● YOUR GOAL: Pictures excluded, reproduce exactly the lines below from the one with "X95J | BRAVIA" through the one with "1940, soldat. Un", both included.

● SUPPLIED MATERIAL:

========================

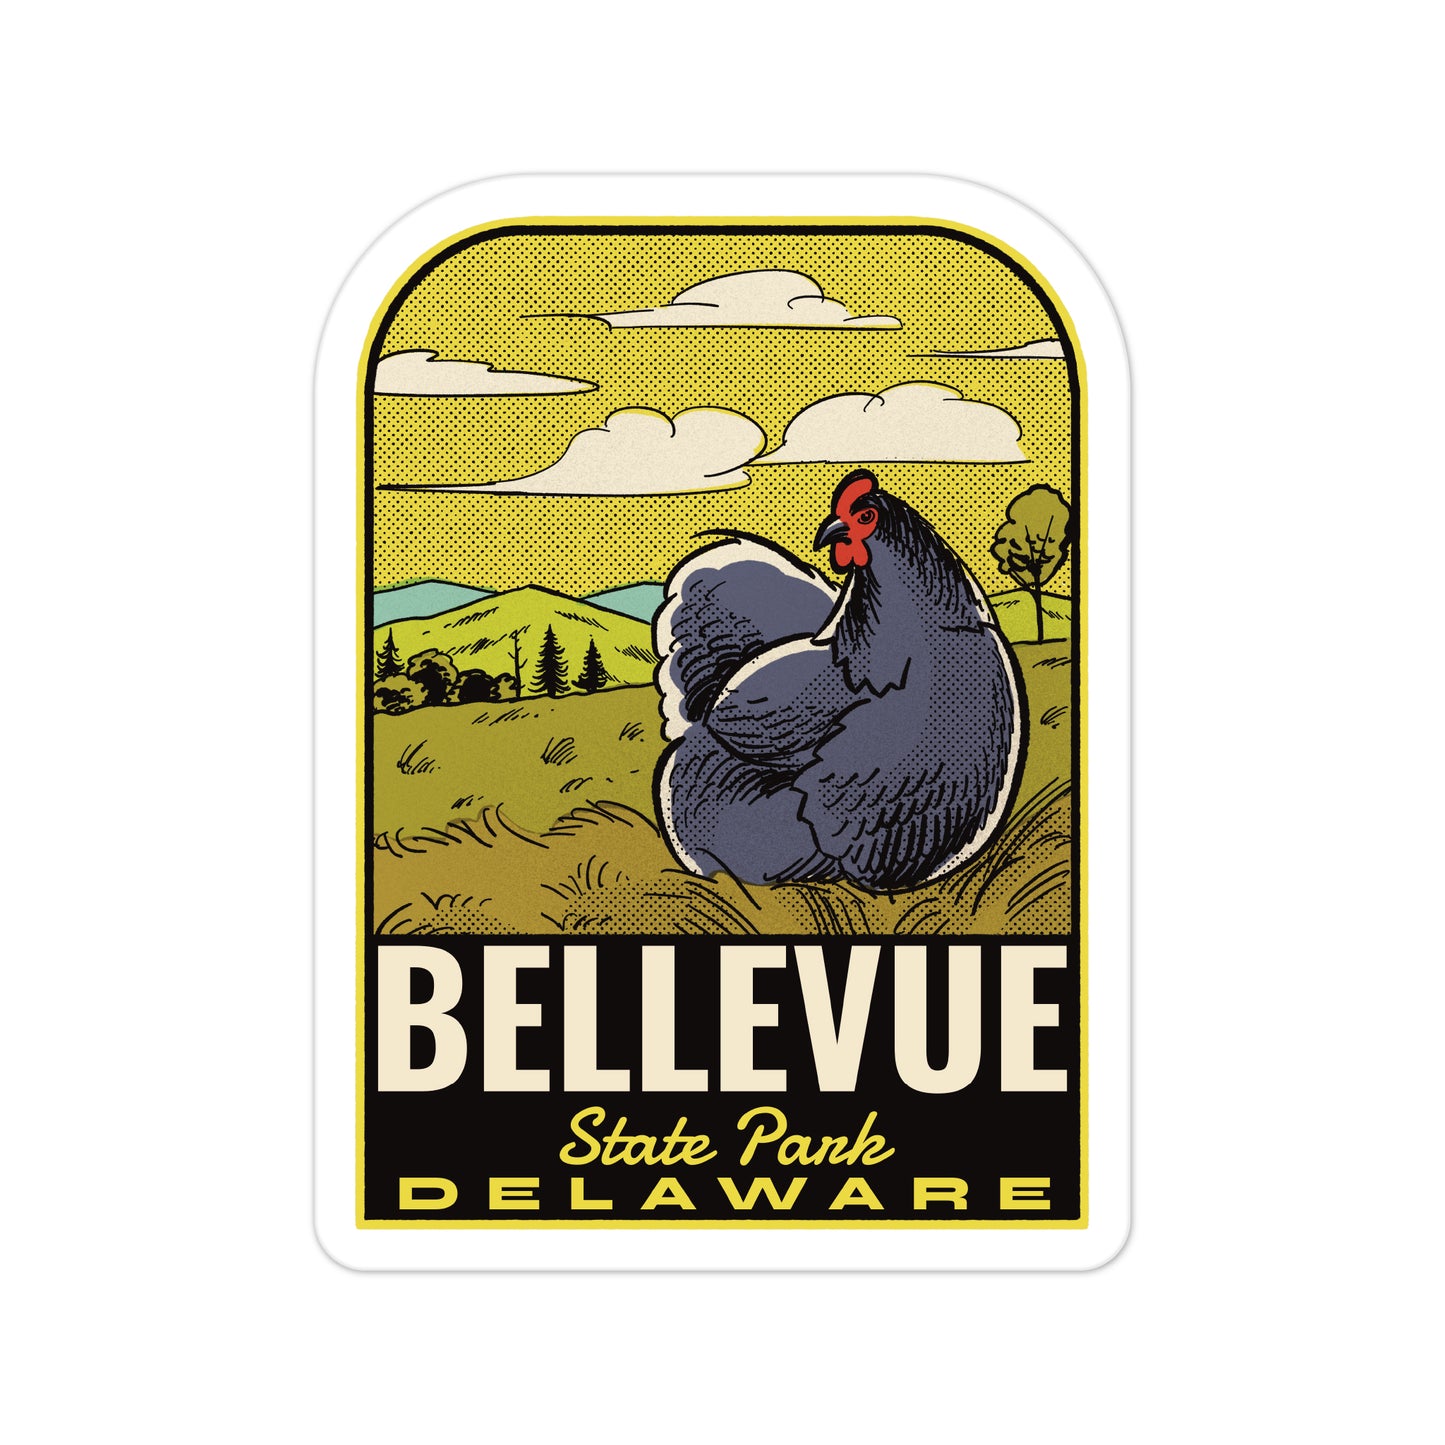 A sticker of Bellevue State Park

========================

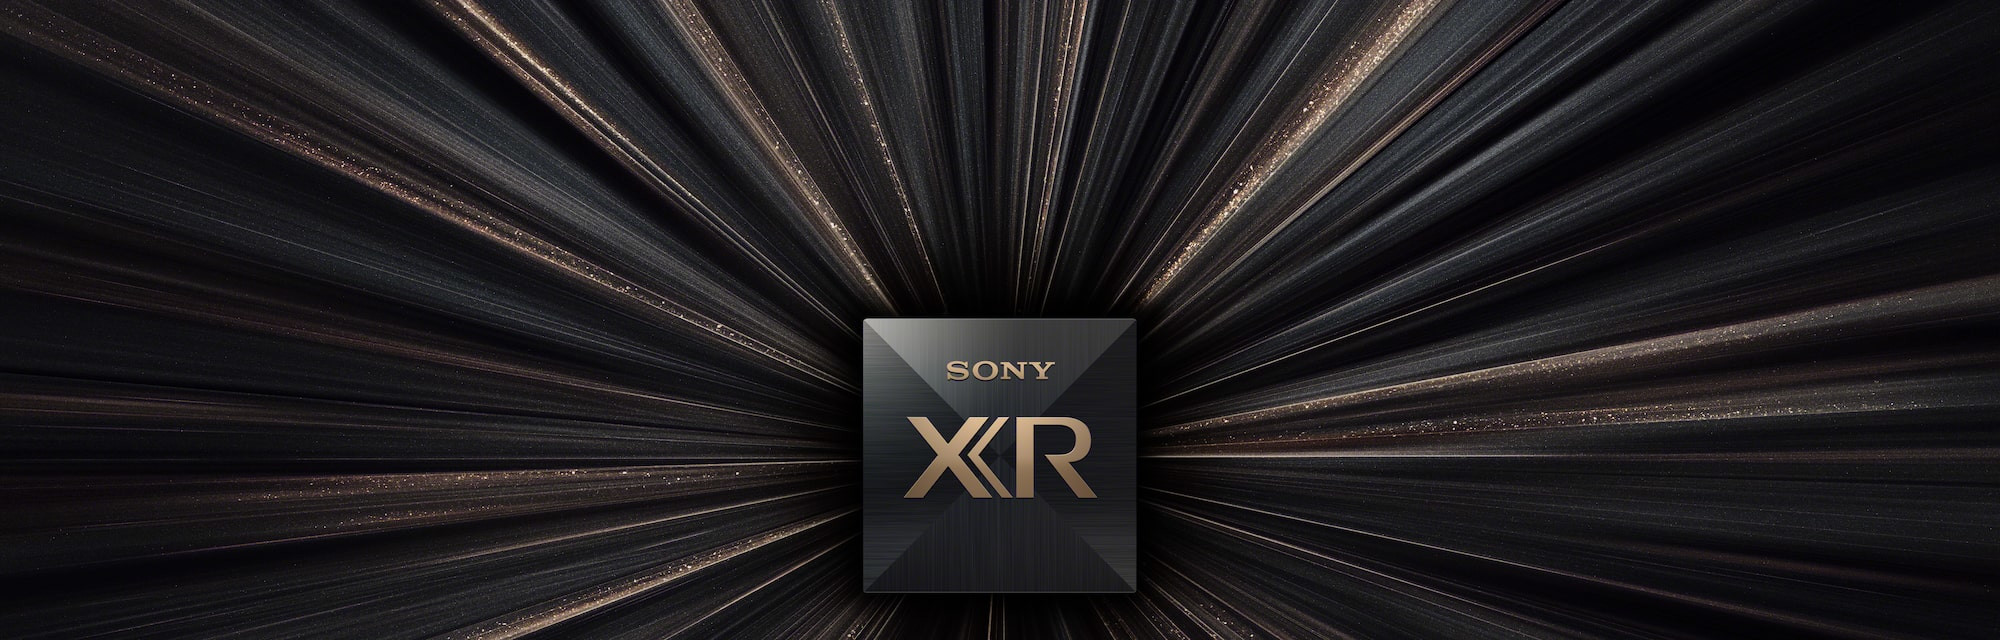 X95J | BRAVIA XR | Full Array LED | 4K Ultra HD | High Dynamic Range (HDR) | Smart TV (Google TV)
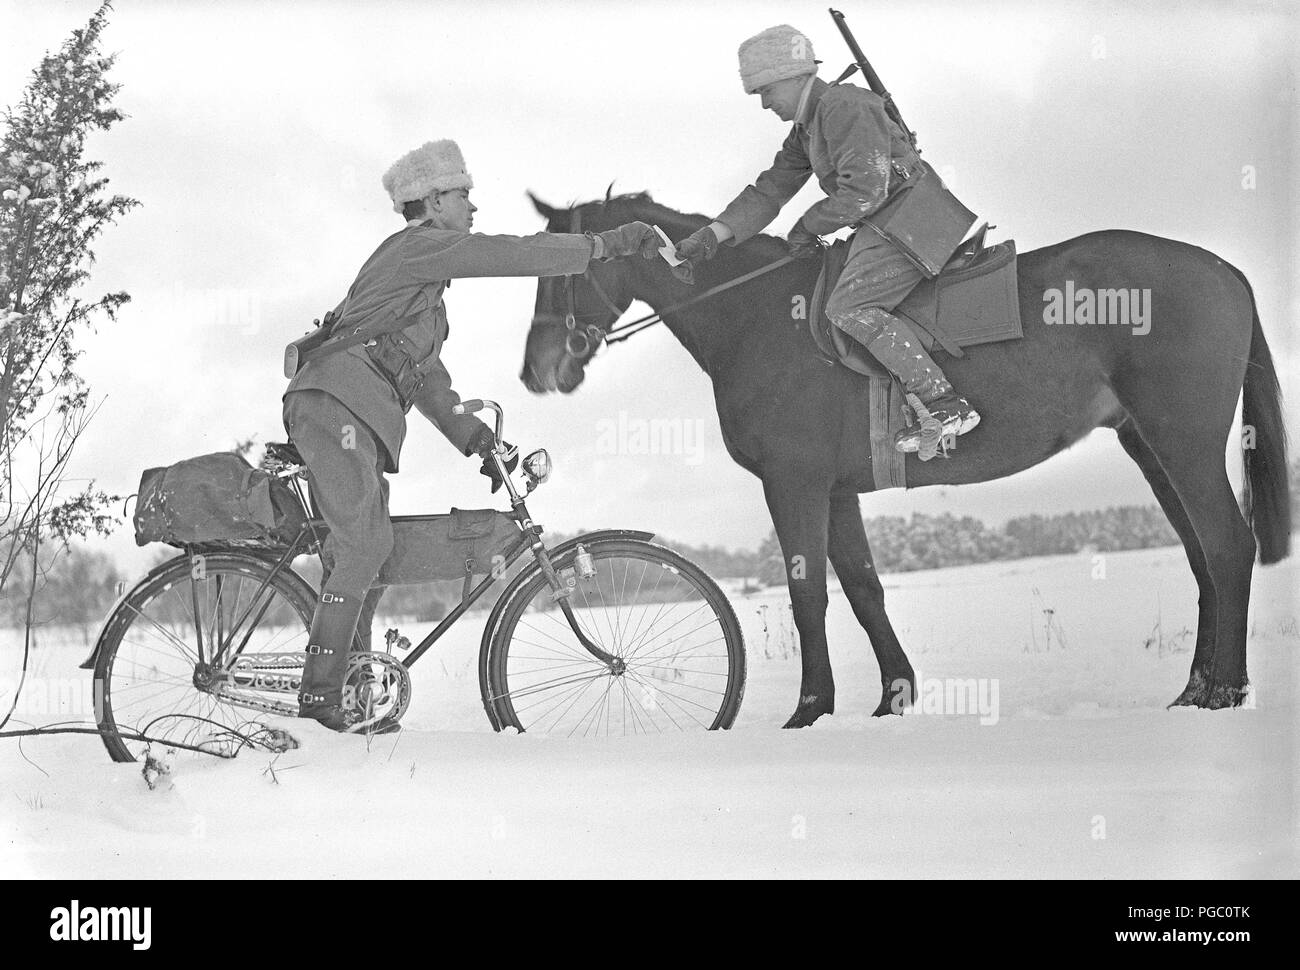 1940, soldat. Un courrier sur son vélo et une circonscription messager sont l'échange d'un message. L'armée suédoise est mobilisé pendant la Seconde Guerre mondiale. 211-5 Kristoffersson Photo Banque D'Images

========================

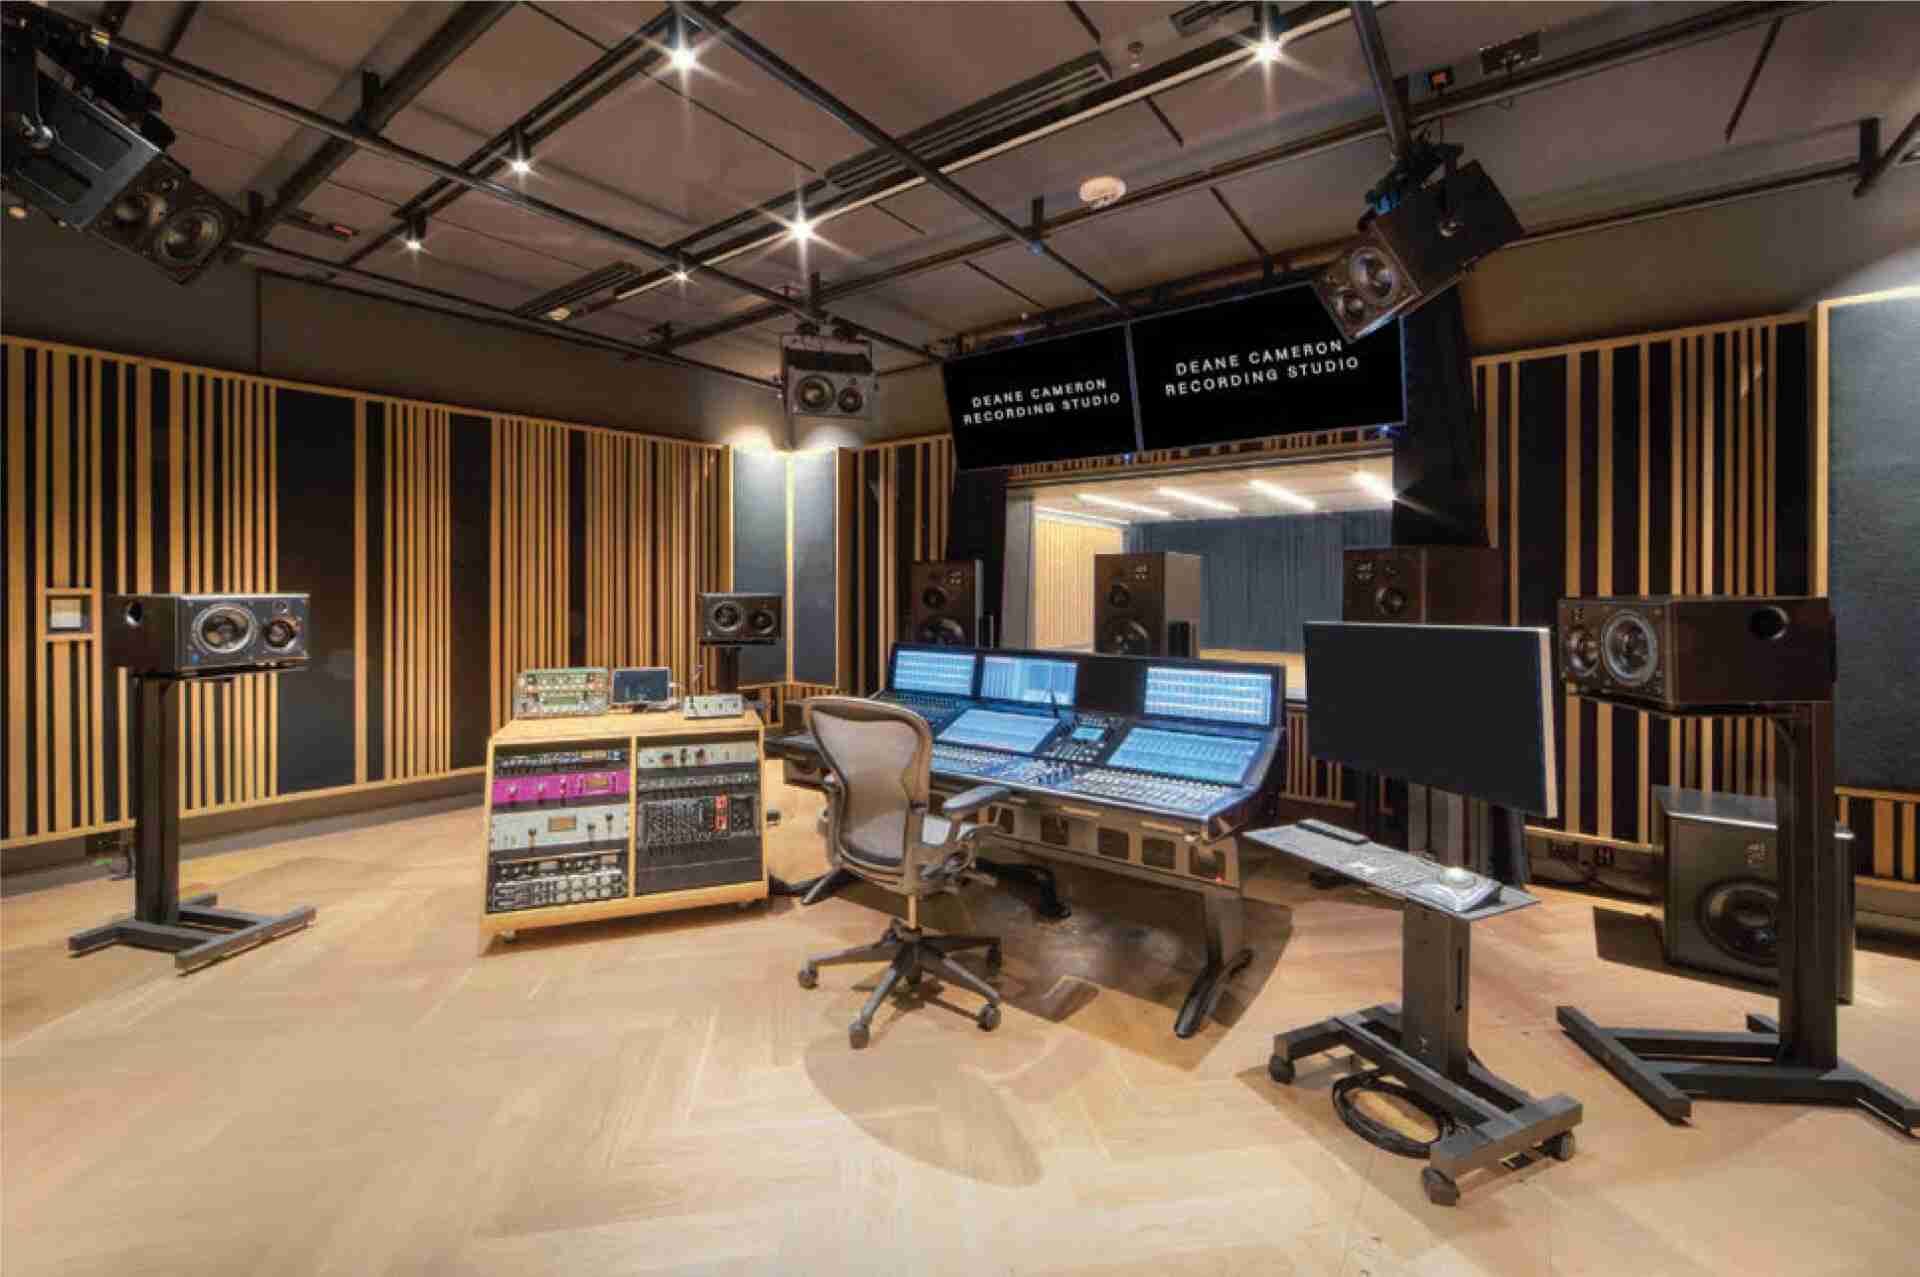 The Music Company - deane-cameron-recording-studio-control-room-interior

========================

● TASK OUTPUT:
 X95J | BRAVIA XR | Full Array LED | 4K Ultra HD | High Dynamic Range (HDR) | Smart TV (Google TV)
 1940, soldat. Un courrier sur son vélo et une circonscription messager sont l'échange d'un message. L'armée suédoise est mobilisé pendant la Seconde Guerre mondiale. 211-5 Kristoffersson Photo Banque D'Images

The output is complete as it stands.